Diners, glasses of wine in hand, mingled about like they were at a terrific house party rather than a restaurant, stopping by the outdoor kitchen island where Younkin, assisted by Nancy Oakes and Nancy Silverton, handed out the superb beef as well as Maine lobster claws and lamb chops cut from a rack, all finished off in two wood burning ovens behind them.

Platters of morels, asparagus and "day-dug" potatoes were laid out on the kitchen island.

Nancy Silverton, who provided to mozzarella-based  appetizers for the opening,   said this is the way she's been eating for years.

"I love this way to eat. standing up in a kitchen or before a outdoor grill, giving out bites to friends," said Silverton. "I'm glad somebody is finally taking it to the public.

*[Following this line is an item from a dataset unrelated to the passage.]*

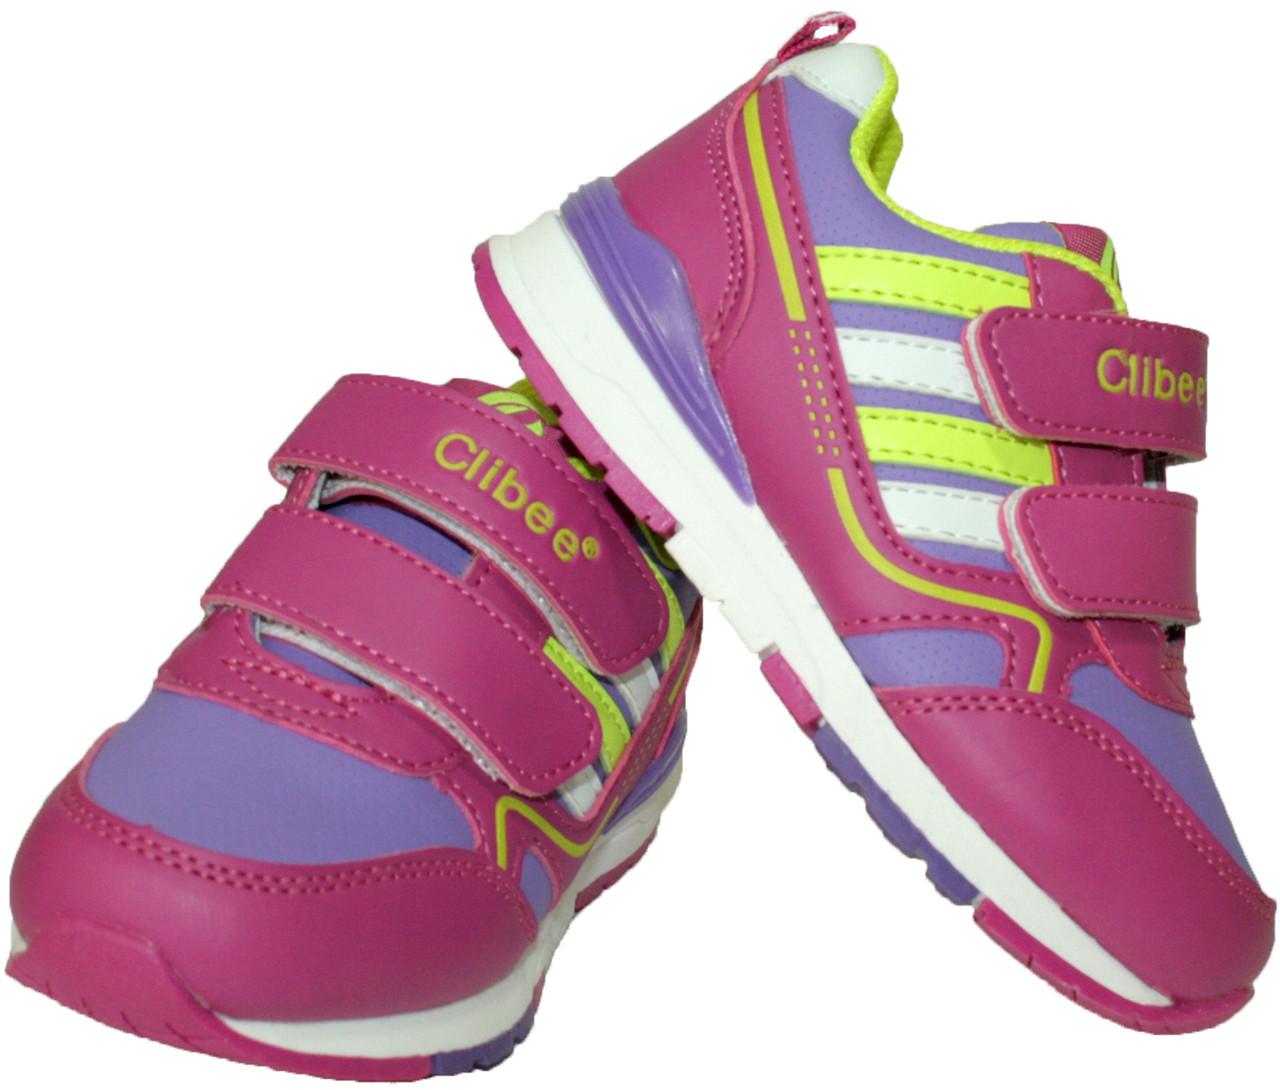 Дитячі кросівки для дівчинки Clibee Польща розміри 25-30

I am going to open a similar place in the Green Meadows area of Los Angeles. "

With San Francisco's minimum wage set at $12.25 an hour and set to go $15 per hour on July 1,  2018, many restaurants analyze predicted more restaurant would be going to the Dana's Bytes format which has already come to be known as "Goin' Younkin"

"I think at my next restaurant I might be Goin' Younkin," said Dominique Crenn, of San Francisco revered Atelier Crenn. "I think at certain restaurants there will always be a need for the front of the house, But, at others, like at Dana's Bytes, they may not. We are constantly hearing about farm-to-table. Why not from the chef's hand-to-the-diner's mouth?"

Jessica Sweedler, chief development officer of Meals on Wheels of San Francisco who was at the opening of Dana's Bytes, said she was considering ways to implement the Goin' Younkin format into the organizations fight against the neglect and malnutrition of seniors.

"I can envision chefs all over town knocking on doors and handing delicious - and nutritional  - bites to our seniors," said Sweedler as she stuffed morels and peas into her mouth. "Who needs dirty dishes?"

Technically Dana's Bytes did employee one front of the house worker, Richard Crocker, chief of staff at Boulevard where he oversees 500 employees. Crocker was seen running about, picking up wine glass, refiling them, piling up dirty plates and rushing them off to a small cleaning station inside  the winery.  By the end of the evening, the haggard-looking Crocker was seated off alone in the now-empty yard drinking a Negroni,   "I'd tell someone to get me another drink," Crocker said, "But, there's not a god damn server in sight."